**TASK DESCRIPTION**
Transcribe exactly the lines below that begin at the line with "Richtlinie Nr. 1/81" and stop after the line with "Suspiritos (dominican merenguitos", leaving out every picture.

**DATA RECORDS**
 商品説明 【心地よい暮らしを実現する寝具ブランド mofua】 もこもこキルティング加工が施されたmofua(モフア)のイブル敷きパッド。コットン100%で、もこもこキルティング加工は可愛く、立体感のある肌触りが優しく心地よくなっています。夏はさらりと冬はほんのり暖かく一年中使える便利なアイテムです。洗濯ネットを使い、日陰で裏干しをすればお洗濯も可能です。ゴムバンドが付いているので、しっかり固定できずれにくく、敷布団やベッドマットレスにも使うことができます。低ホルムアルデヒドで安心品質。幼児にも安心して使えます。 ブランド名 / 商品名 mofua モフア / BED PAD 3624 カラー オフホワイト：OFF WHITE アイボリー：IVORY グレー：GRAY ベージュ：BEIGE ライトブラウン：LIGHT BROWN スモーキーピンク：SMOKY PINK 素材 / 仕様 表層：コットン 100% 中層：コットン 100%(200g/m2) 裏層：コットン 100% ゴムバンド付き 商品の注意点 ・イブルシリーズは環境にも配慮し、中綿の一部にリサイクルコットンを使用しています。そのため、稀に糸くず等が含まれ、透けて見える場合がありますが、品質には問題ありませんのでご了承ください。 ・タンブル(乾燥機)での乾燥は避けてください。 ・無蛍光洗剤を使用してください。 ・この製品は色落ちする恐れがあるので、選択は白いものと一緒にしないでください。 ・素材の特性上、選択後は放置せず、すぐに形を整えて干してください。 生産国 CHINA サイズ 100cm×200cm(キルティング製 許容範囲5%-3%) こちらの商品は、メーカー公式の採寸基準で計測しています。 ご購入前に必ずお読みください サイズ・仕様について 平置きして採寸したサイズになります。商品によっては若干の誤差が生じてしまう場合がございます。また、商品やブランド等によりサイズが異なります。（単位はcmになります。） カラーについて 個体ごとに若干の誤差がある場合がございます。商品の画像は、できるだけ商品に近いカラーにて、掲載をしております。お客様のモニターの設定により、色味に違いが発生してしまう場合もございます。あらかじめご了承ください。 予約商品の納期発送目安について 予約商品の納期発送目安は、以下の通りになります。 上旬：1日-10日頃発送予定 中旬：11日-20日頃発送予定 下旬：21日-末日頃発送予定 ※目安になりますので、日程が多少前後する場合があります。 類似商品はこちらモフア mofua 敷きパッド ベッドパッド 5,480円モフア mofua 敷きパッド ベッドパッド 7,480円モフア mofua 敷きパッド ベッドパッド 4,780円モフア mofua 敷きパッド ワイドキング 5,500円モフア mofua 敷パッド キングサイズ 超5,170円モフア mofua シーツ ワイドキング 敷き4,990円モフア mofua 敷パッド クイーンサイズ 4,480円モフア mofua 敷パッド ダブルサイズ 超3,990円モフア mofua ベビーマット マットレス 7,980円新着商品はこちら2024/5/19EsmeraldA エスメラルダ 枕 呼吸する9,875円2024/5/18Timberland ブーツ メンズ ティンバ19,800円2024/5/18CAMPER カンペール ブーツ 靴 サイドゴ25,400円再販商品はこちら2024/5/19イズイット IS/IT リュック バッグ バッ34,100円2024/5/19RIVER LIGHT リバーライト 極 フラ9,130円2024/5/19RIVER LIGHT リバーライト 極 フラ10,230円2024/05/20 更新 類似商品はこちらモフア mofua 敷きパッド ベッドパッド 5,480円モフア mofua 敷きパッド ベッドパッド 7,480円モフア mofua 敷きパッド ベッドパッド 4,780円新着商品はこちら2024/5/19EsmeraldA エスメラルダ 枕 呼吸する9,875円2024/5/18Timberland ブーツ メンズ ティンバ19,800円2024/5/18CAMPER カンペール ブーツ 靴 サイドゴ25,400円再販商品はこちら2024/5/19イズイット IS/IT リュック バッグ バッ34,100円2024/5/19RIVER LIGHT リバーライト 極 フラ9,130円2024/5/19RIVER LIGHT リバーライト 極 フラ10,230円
---
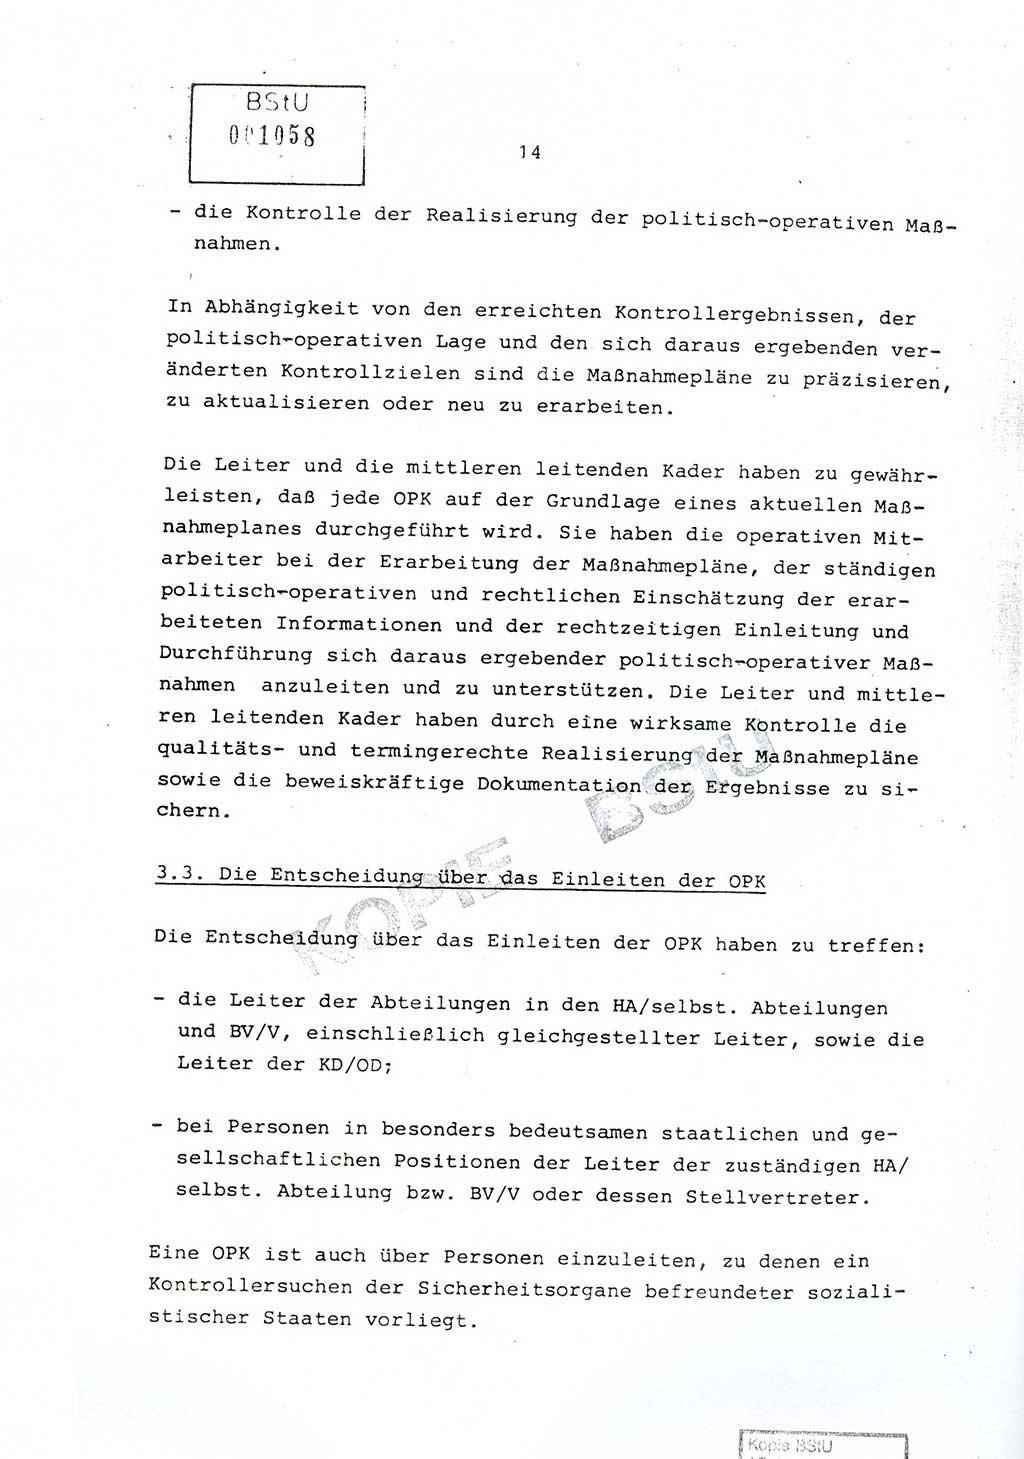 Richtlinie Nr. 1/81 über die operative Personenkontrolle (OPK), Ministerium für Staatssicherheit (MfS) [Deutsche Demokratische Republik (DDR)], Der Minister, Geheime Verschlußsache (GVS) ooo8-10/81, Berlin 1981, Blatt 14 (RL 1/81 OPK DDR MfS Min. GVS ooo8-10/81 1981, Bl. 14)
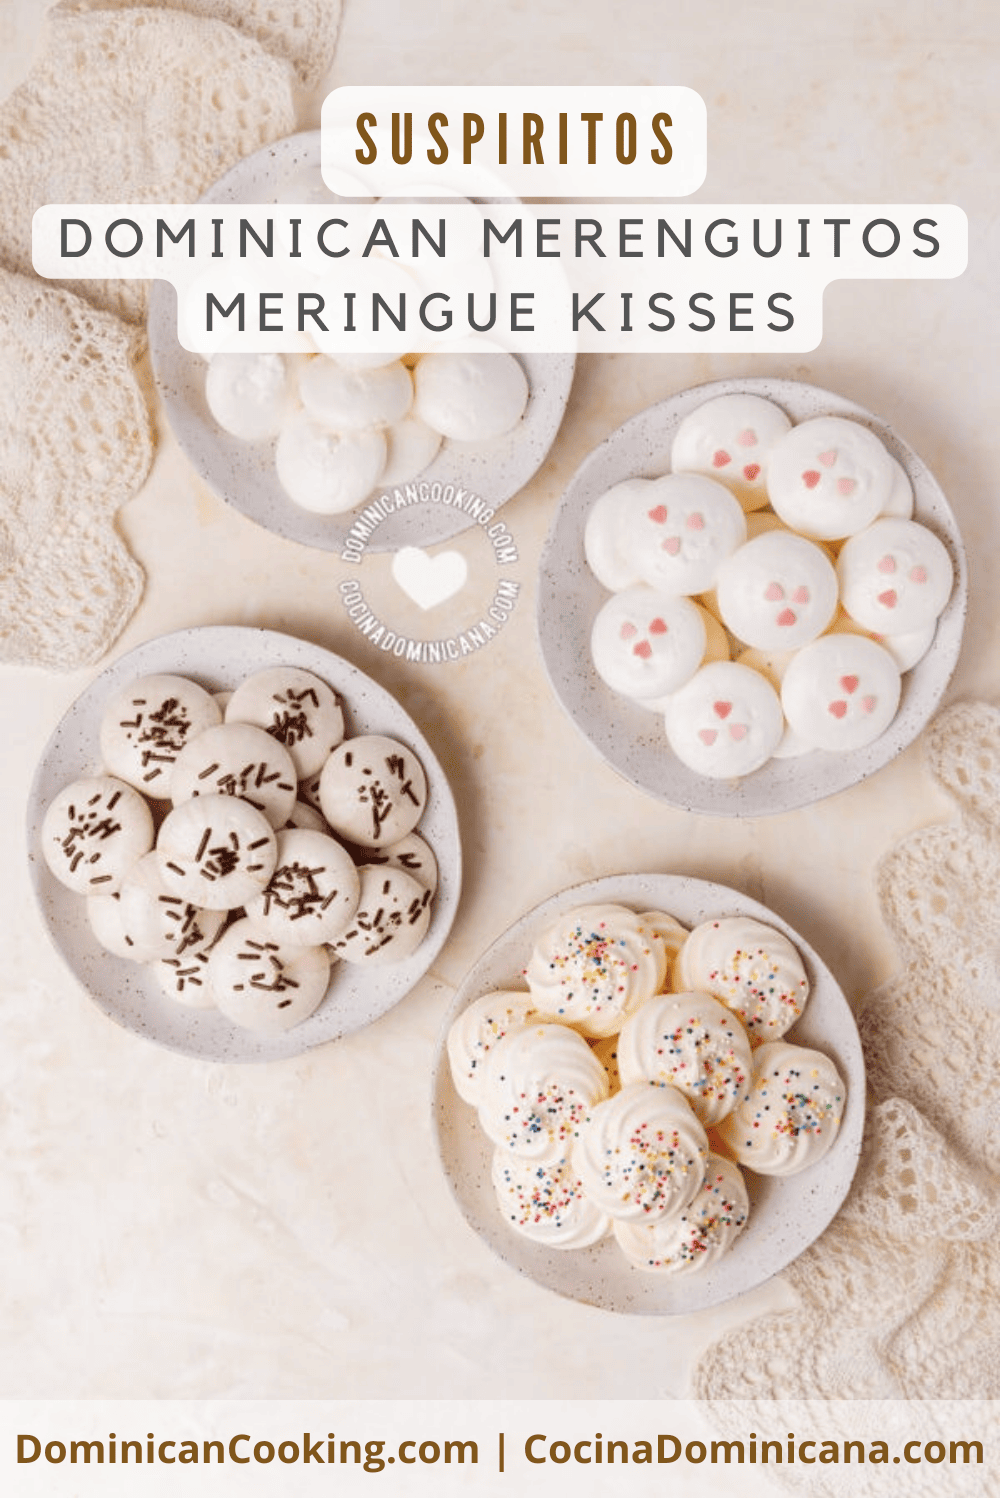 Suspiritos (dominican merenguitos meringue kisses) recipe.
==
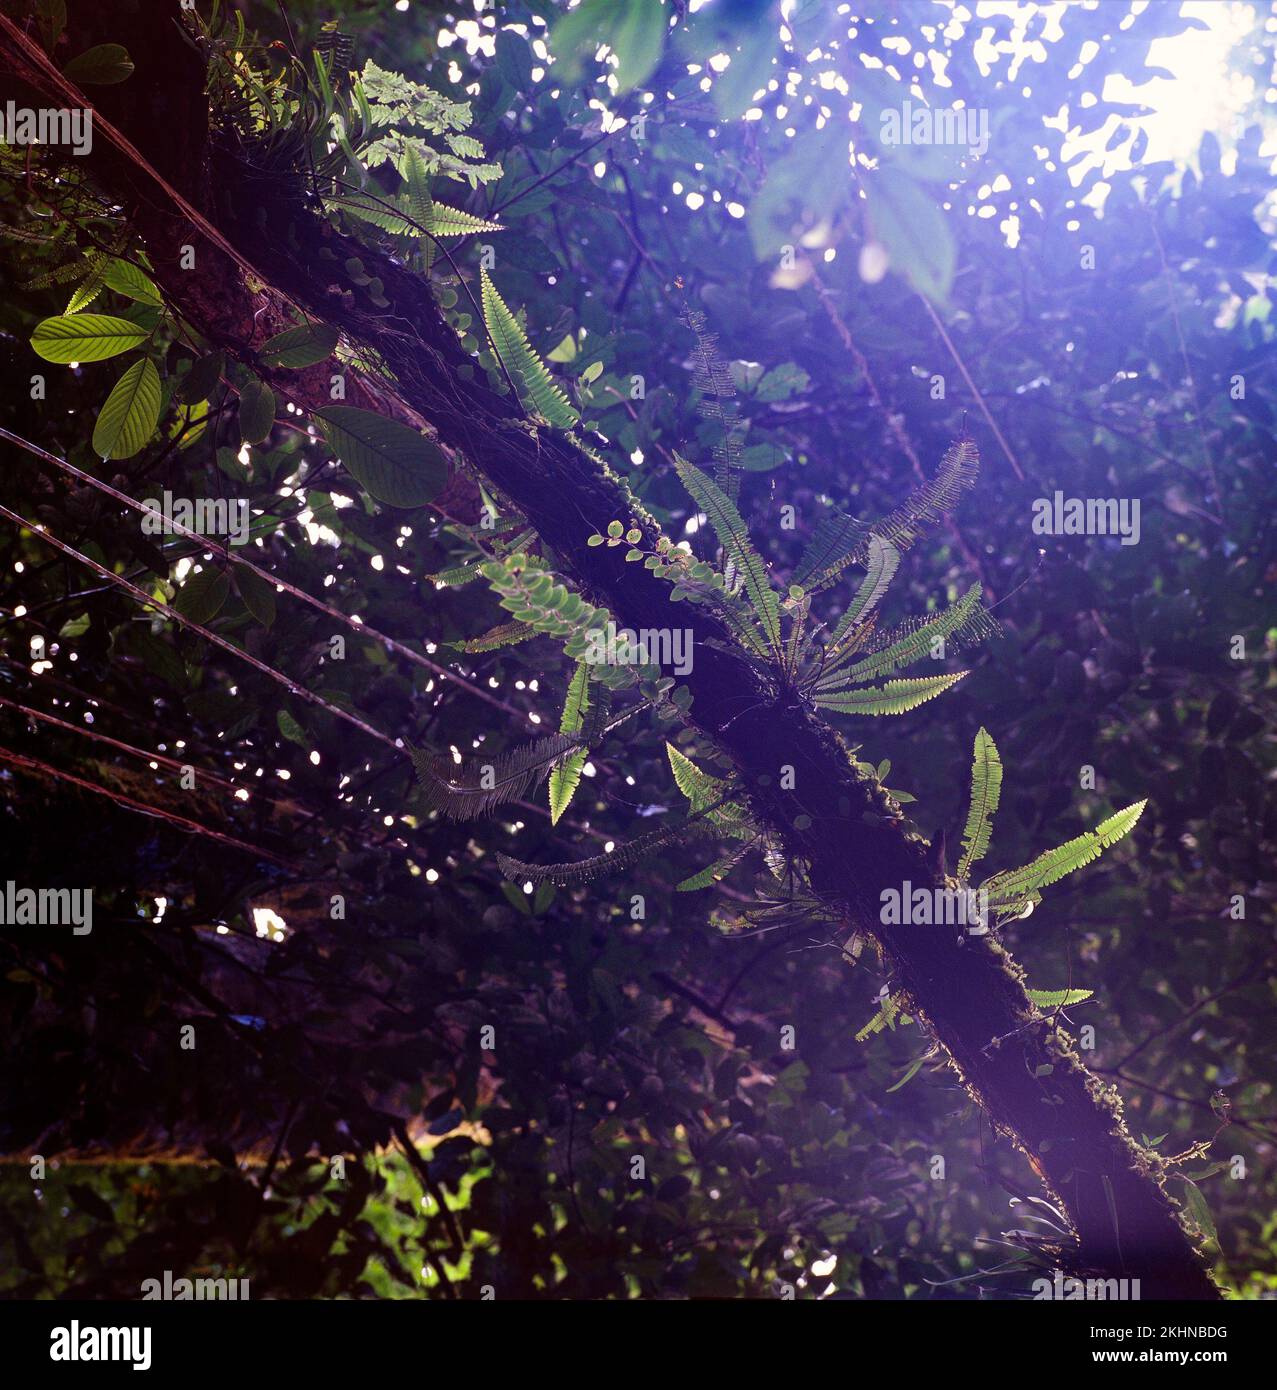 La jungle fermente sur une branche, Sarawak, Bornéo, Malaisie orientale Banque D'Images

**RESULT**
 Richtlinie Nr. 1/81 über die operative Personenkontrolle (OPK), Ministerium für Staatssicherheit (MfS) [Deutsche Demokratische Republik (DDR)], Der Minister, Geheime Verschlußsache (GVS) ooo8-10/81, Berlin 1981, Blatt 14 (RL 1/81 OPK DDR MfS Min. GVS ooo8-10/81 1981, Bl. 14)
 Suspiritos (dominican merenguitos meringue kisses) recipe.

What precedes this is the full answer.